There are department store type tea vendors and those who are more of a boutique, specializing in a limited range, type, or style of tea. These tea vendors who specialize are able to really focus on a particular niche market. For you, the devoted tea drinker, finding the right specialist tea vendor can assure you get the best there is of the type of tea you want.
A good example is a tea vendor specializing in Taiwanese oolongs. You might not think there’s that much to teas from this island nation, but a perusal of the product line tells another story.
They have an oolong from the A Li Shan region, a major tourist destination as well as famous for its teas. Tea growing began in Taiwan in the early 1800s but not in the A Li Shan region until the 1920s. They first planted in lower altitudes which were more accessible but moved up to higher altitudes later on. Until the 1970s and 80s, the tea was processed as black tea but was shifted to oolong and is now mostly consumed locally. This vendor, however, makes this tea available to the U.S. market.

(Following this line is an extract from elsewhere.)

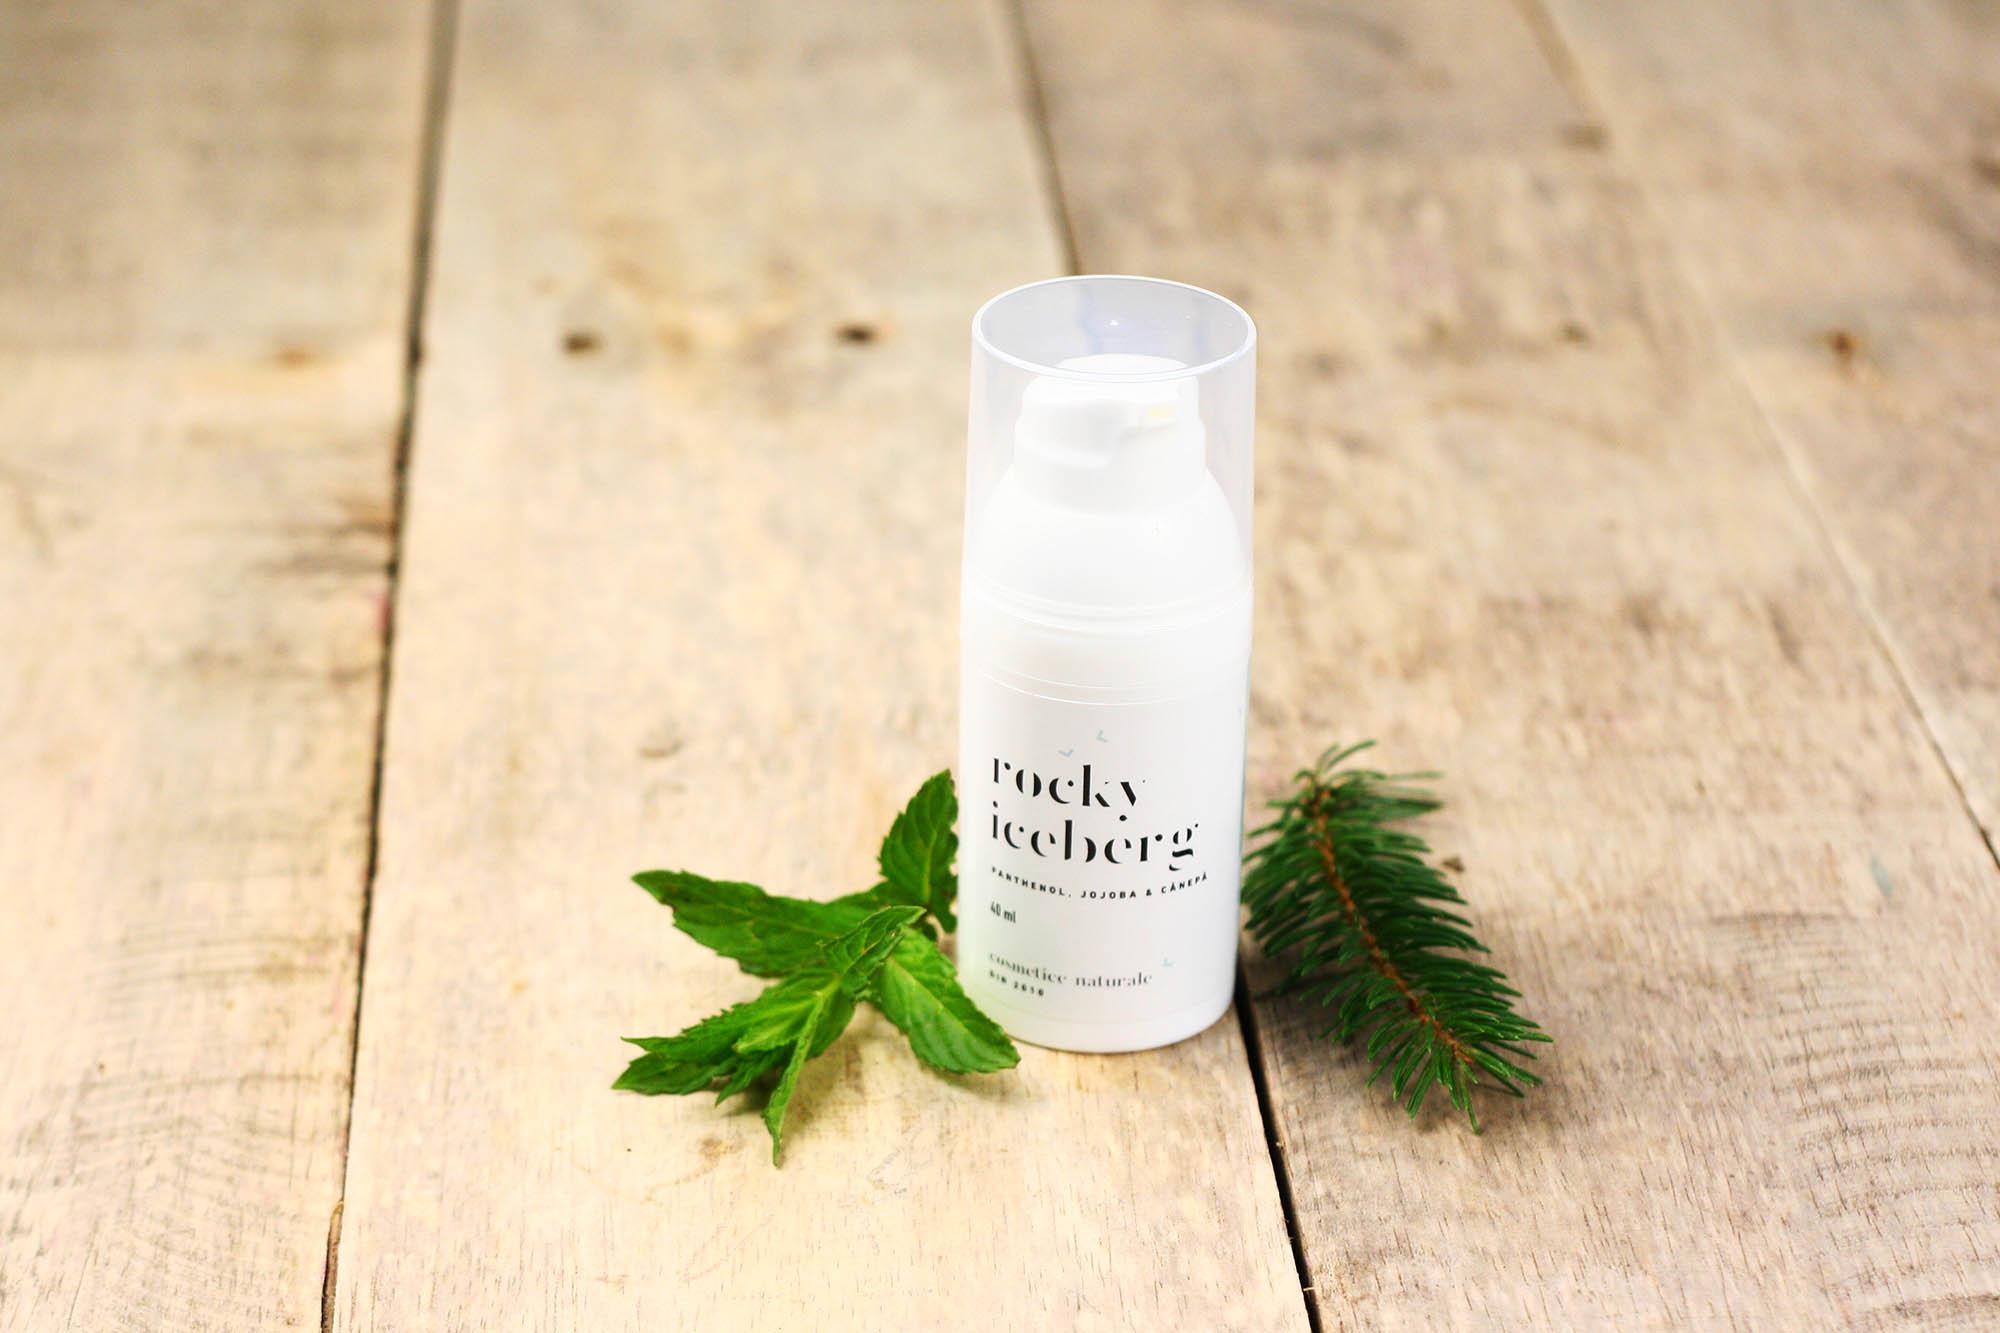 Aftershave (cremă de barbă) hidratant cu panthenol, jojoba şi cânepă - Rocky Iceberg | Endea - Tested on friends

Another tea that this specialized tea vendor makes available to you is Ching Shin (or Chin-shin, meaning green-centered) Oolong, a top quality tea from Da Yu Ling, in one of the highest elevation (7,545 feet) tea farming areas of Central Taiwan. It’s a much sought after high mountain tea with a balanced and bright flavor that finishes nicely on the back of the tongue. Ching Shin is the most widely cultivated oolong cultivar in Taiwan with more than 50% of tea plantations in Taiwan growing it as their major cultivar. It is also used to produce excellent quality BaoZhong and Dong-Ding oolong or High Mountain oolong, which this vendor also carries.

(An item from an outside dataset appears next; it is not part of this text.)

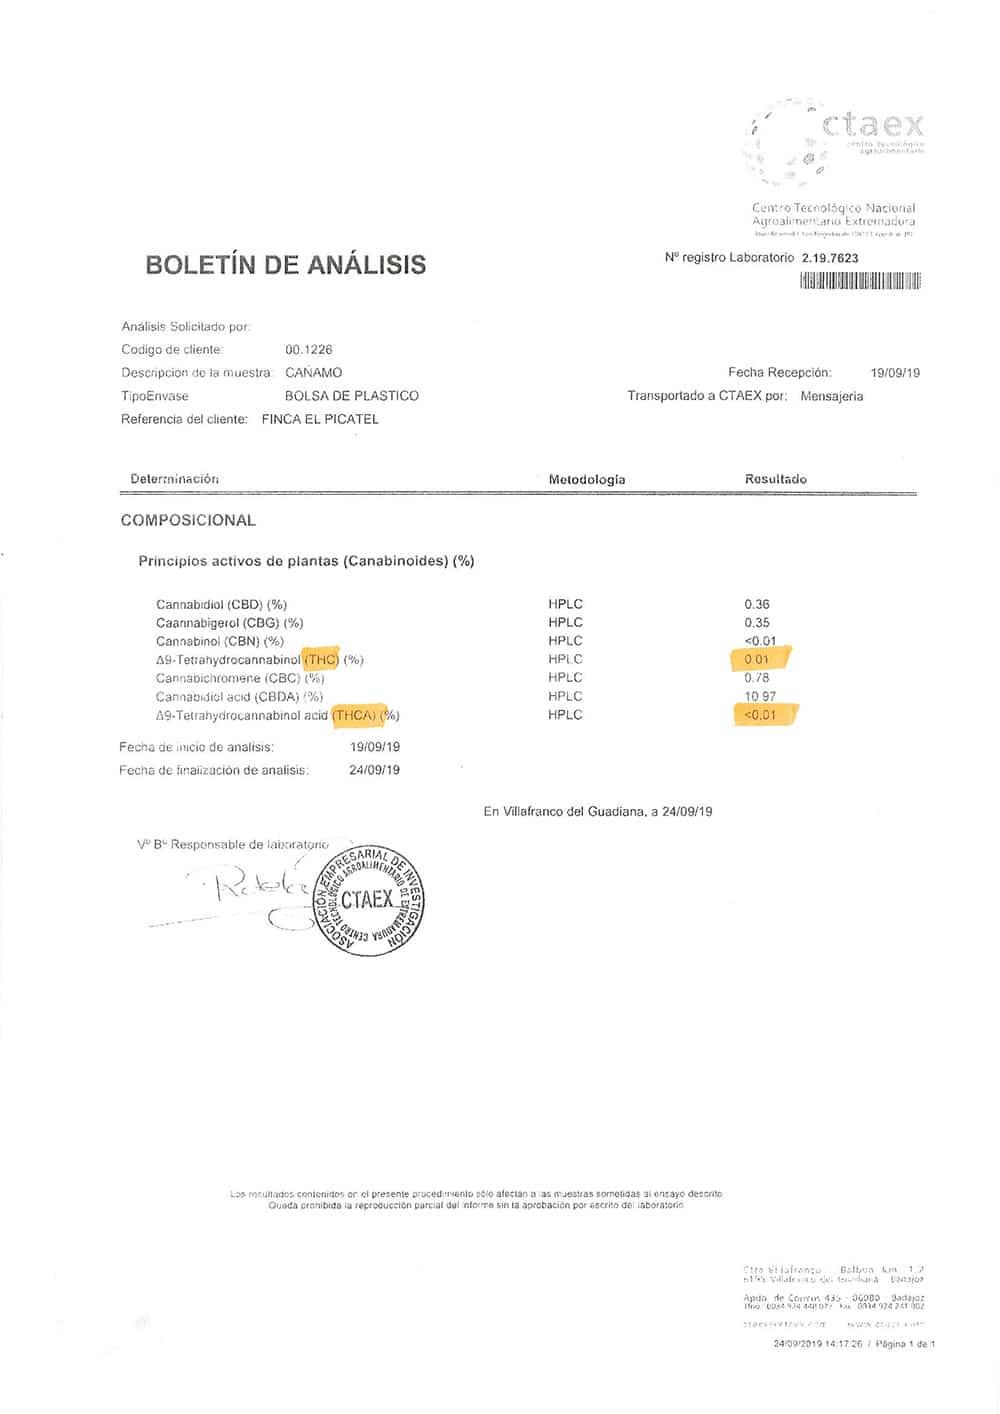 Lab report for Kompolti

Tie Guan Yin style from Mu Zha in Northern Taiwan is another tea they carry. In fact, some say this is the only genuine version of that type of oolong and that oolongs, contrary to being a way that tea is processed, is actually a series of cultivars. Some common ones: Si-Ji (four seasons), Jade, Jinxuan, Soft-stem, and Ching Shin mentioned above.
Their lineup also includes some flavored oolongs using fruits such as Kyoho grape, strawberry, peach, passion fruit; and flowers such as lavender and osmanthus, lychee; and mint.

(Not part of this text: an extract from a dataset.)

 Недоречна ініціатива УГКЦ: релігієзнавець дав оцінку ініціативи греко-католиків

Only a tea vendor who specializes can help you really explore a particular type of tea. So, if you want to take that plunge into learning all you can about a particular type of tea, seek and find that specialist tea vendor. Whether it’s Japanese teas, Ceylon, Darjeeling, or even those from the various tea producing provinces of China, let that vendor be your guide. Ready, set, explore!